Patrick Higgins: That's really cool.
Veronica Lopez: Yeah.
Ana Medina: So this has been a super fun episode. I think if you can tell listeners just one thing that they can do or anything that you want them to go check out, what would that plug be?
Veronica Lopez: Yeah. So to play, you have to play a lot. My first method is to anytime that you feel that you have discovered something, that's great, but also take two seconds to look if someone else had a similar idea. Chances are in my experience that 99% of the time someone else already has that idea. It doesn't necessarily mean that you can not contribute to it or that their implementation was better than yours will be, but at least it will give you some perspective that you're not working in a silo. Who knows? Probably you could even end up contributing with them or working with them or things like that.
Veronica Lopez: A worst case scenario, no one has done it before and that's amazing.

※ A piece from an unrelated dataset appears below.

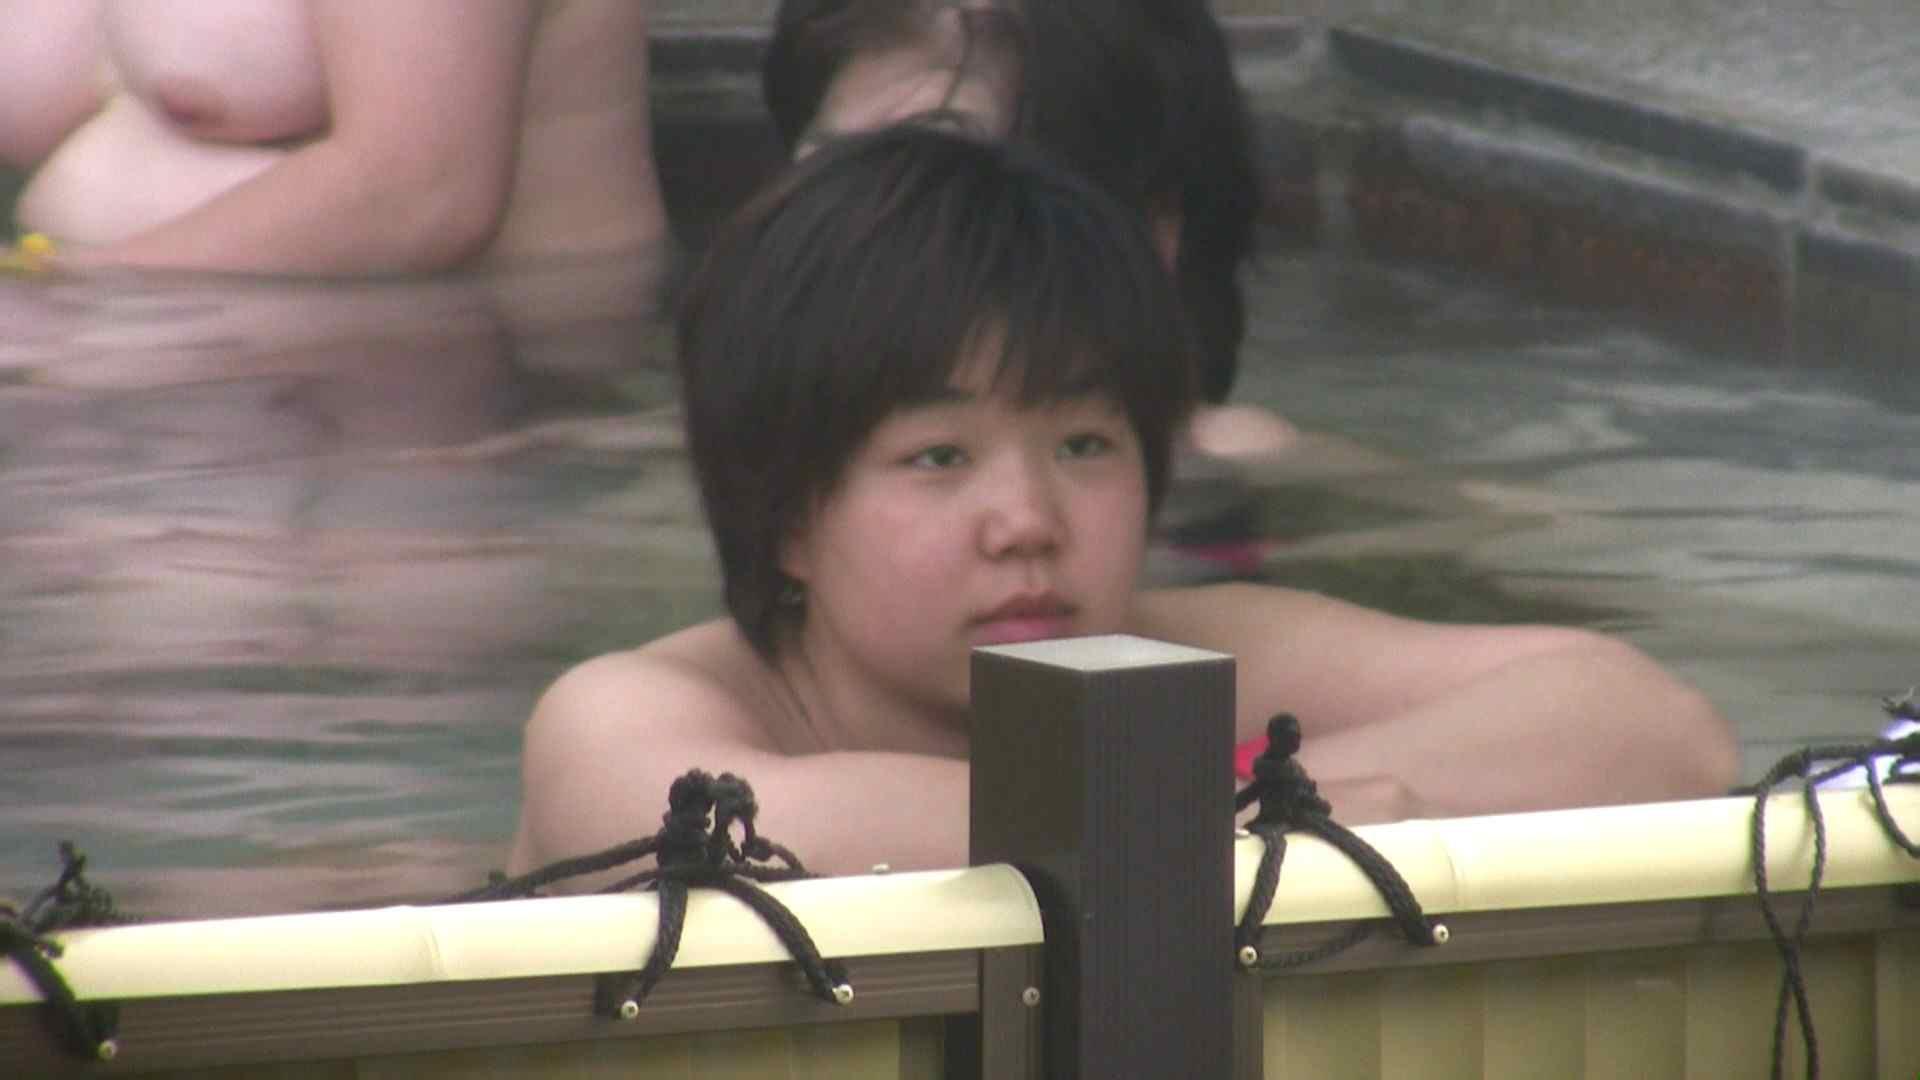 Aquaな露天風呂Vol.53【VIP限定】 女体盗撮  93連発 45

So that would be the first thing, the second thing will play. So once you already know what's available, try to use all the resources. There are many free things to say. There so many papers, so many things and play with things that don't come in the books. That don't come straight out of the books. Find your own thing. This is almost philosophical, but I promise that is 100% technical.
Patrick Higgins: Well, thanks so much for joining us today, Veronica. I've really appreciated it and really enjoyed chatting with you and hearing about your amazing story. So you had so many amazing experiences.
Veronica Lopez: I'm very, very happy, and very humbled that you reached out.